Migrating from APIsec to Qualys

What middleBrick covers

  • Compare risk scores across scans to track remediation progress
  • Export structured scan data for archival and mapping
  • Rebuild historical trends via scheduled snapshot imports
  • Preserve CI gate behavior with exit codes and thresholds
  • Run parallel scans to validate coverage and detect gaps
  • Document limitations to guide manual review and controls

Overview of migration goals

Moving from a traditional scanner to a self-service API security tool involves changes in workflow, data ownership, and timing expectations. This guide focuses on how to handle data export, rebuild scan history in the new environment, and preserve existing CI integrations without assuming feature parity.

Data export and import considerations

Export scan records from your previous platform in a structured format such as JSON or CSV, ensuring timestamps, severity levels, and endpoint paths are preserved. When ingesting into another system, map source fields to the new tool’s schema, normalizing risk ratings and deduplicating findings across scans. Because each platform stores metadata differently, validate coverage by comparing counts of unique findings per API before decommissioning the old setup.

Rebuilding scan history and trends

Historical trend lines cannot be automatically imported; you will rebuild them by importing consistent snapshots over time. Store exported scan artifacts with versioned filenames and run regular imports on a fixed schedule to create a comparable baseline. Use the new tool’s dashboard or an external datastore to visualize score drift, recurring findings, and remediation progress across weeks and months.

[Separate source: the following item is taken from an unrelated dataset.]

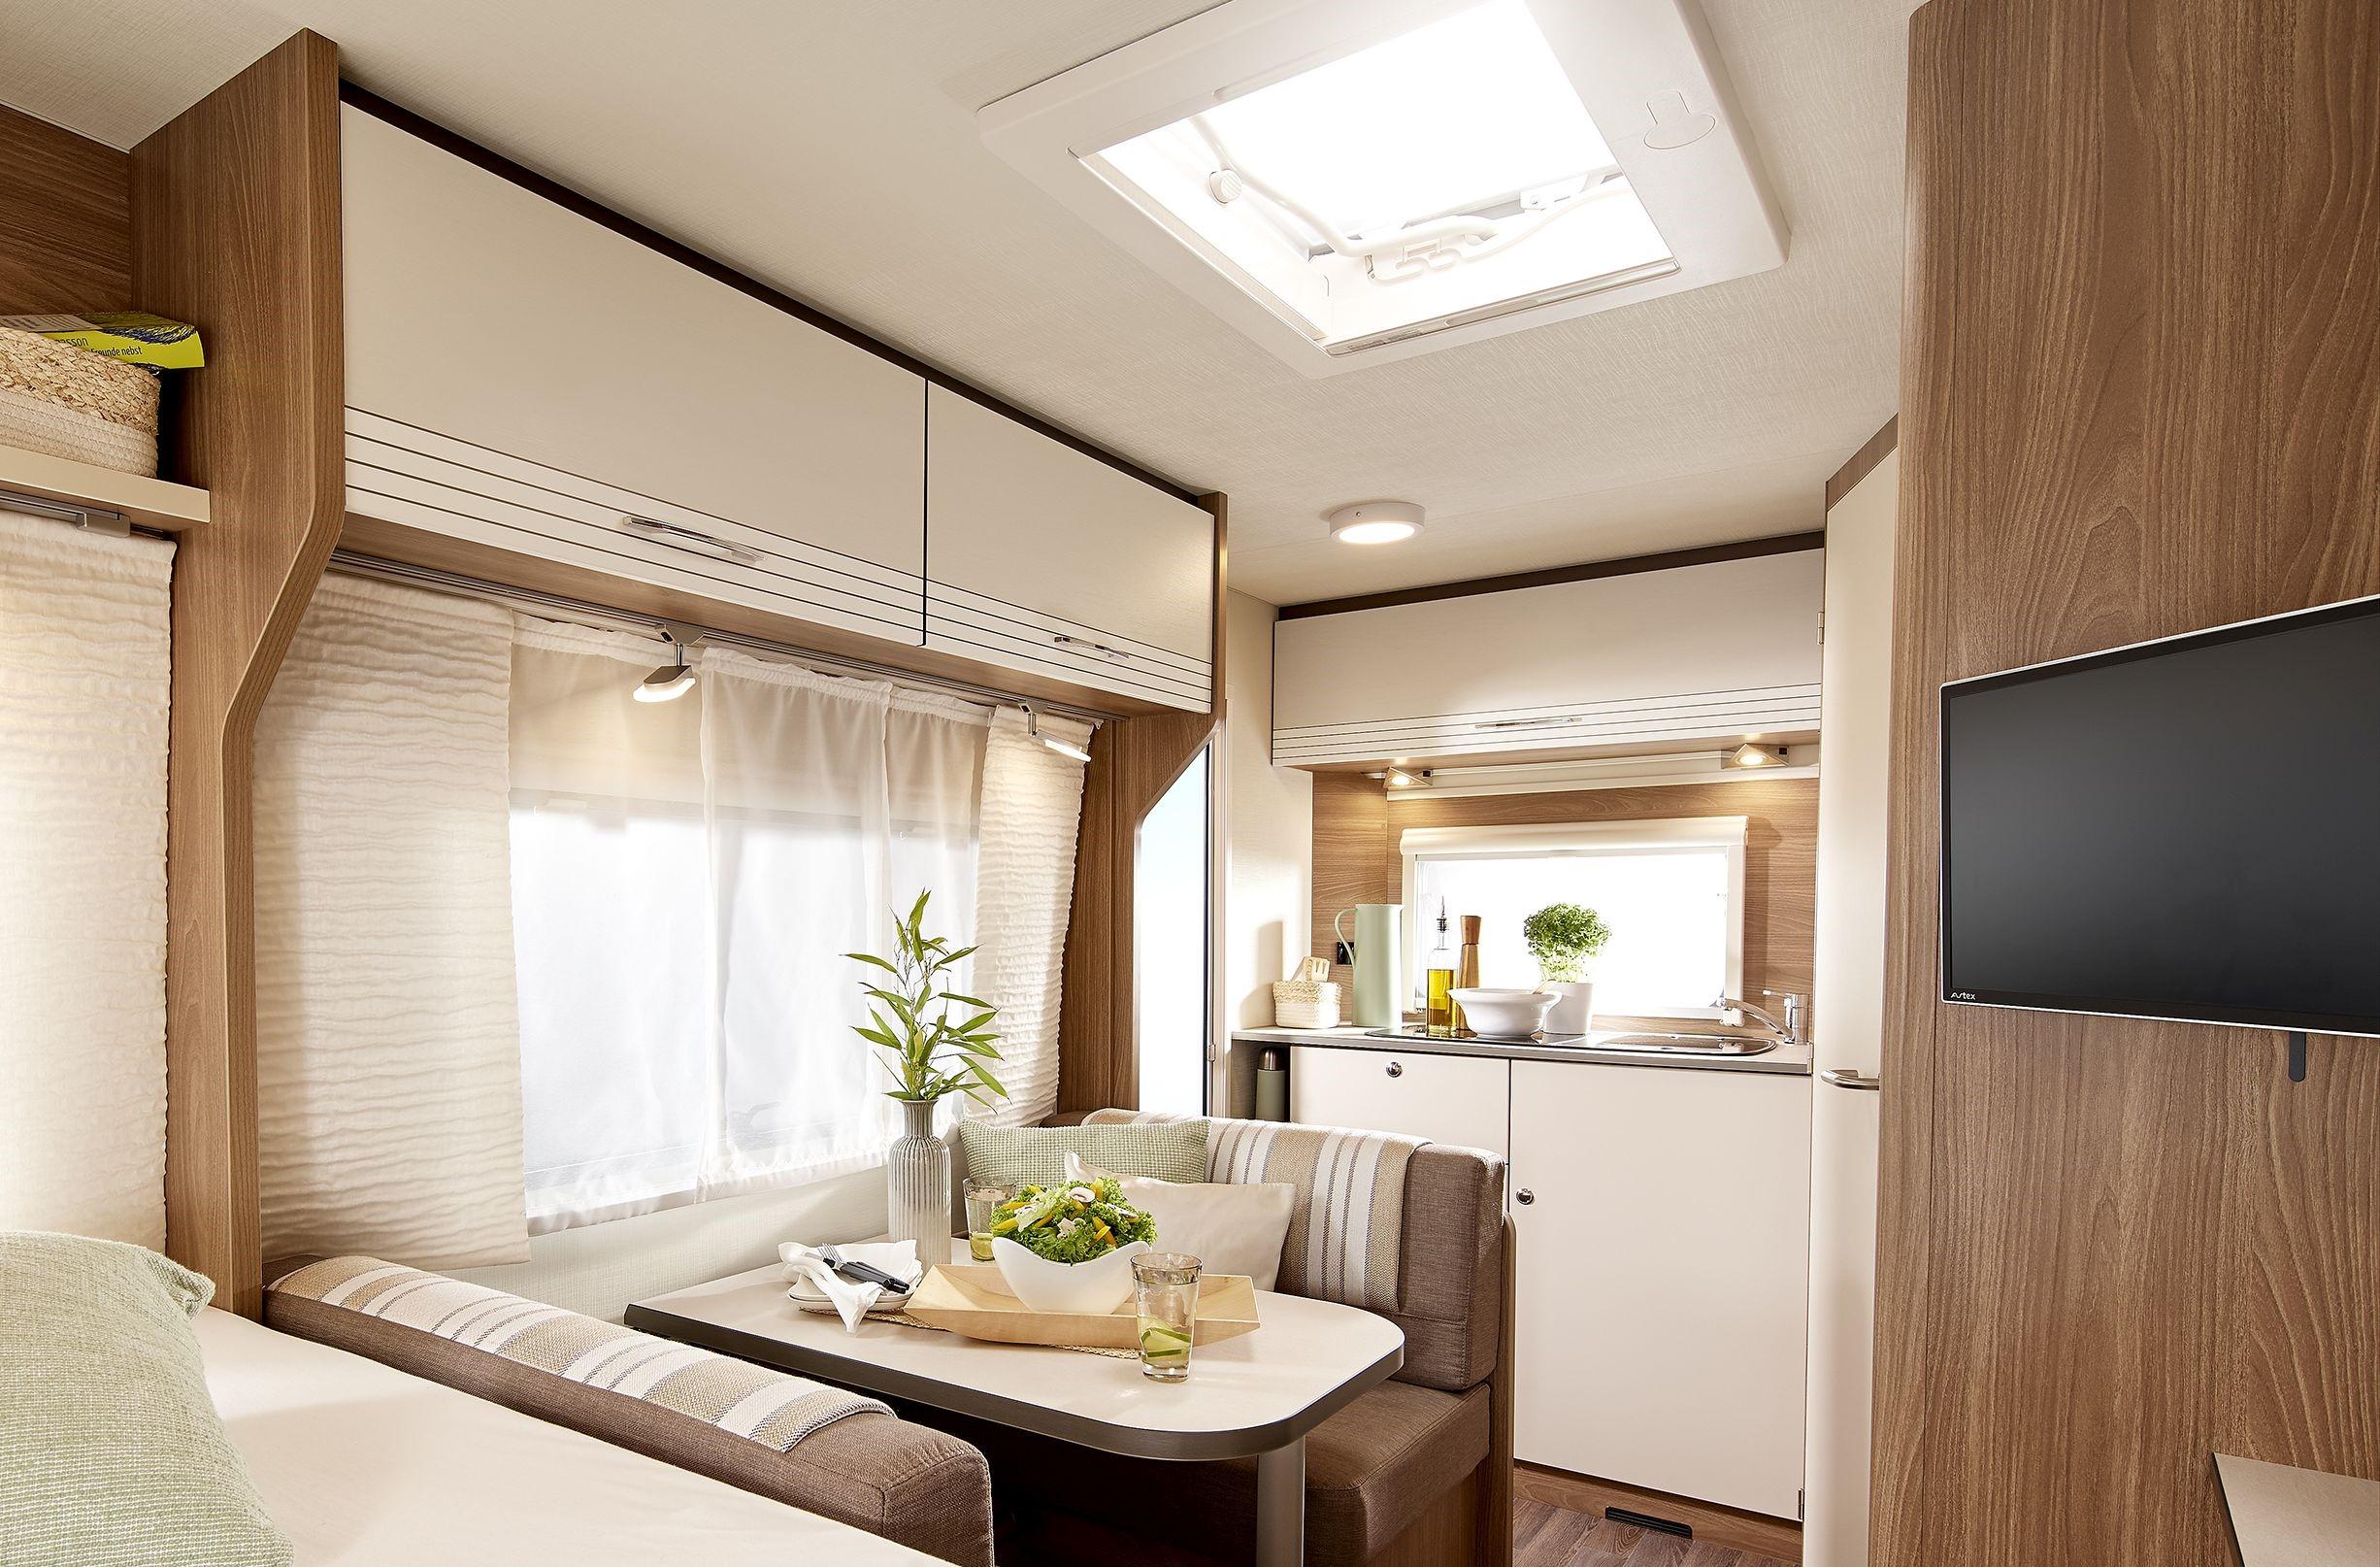 Lille eller stor campingvogn - 2020 modeller fra 360-650cm

Preserving CI wiring and automation

Review existing CI pipelines to identify how the previous scanner gates merges, blocks deployments, or sends notifications. Replicate similar behavior using the new platform’s CLI flags, API endpoints, or native integrations. For example, configure the new tool to return non-zero exit codes when the risk score drops below a defined threshold, and ensure pipeline logs contain enough context to triage failures without exposing sensitive payloads.

middlebrick scan https://api.example.com --threshold C --output json

Known gaps and operational adjustments

Not every capability from the previous solution will map 1:1, especially around scan scheduling precision, custom rule definitions, or proprietary detection logic. Plan for a parallel run period where both tools execute against staging environments to compare coverage and tune thresholds. Document any findings that remain undetected so that compensating controls or manual review steps are clearly recorded.

Frequently Asked Questions

Can I import raw scan reports from my previous tool?
You can import structured data such as JSON or CSV and map fields to the new schema, but detailed rule definitions and proprietary detection logic usually require manual re-creation.
Will my existing CI pipelines work without changes?
No, you will need to update commands, thresholds, and failure conditions to match the new tool’s output formats and API contract.
How do I preserve scan history for compliance audits?
Export snapshots with timestamps and store them in a versioned repository, then rebuild trend lines by importing these snapshots on a regular schedule.
What happens to authenticated scan configurations during migration?
Credentials and header allowlists must be re-entered, and domain verification steps should be repeated to ensure the new system is authorized to scan protected APIs.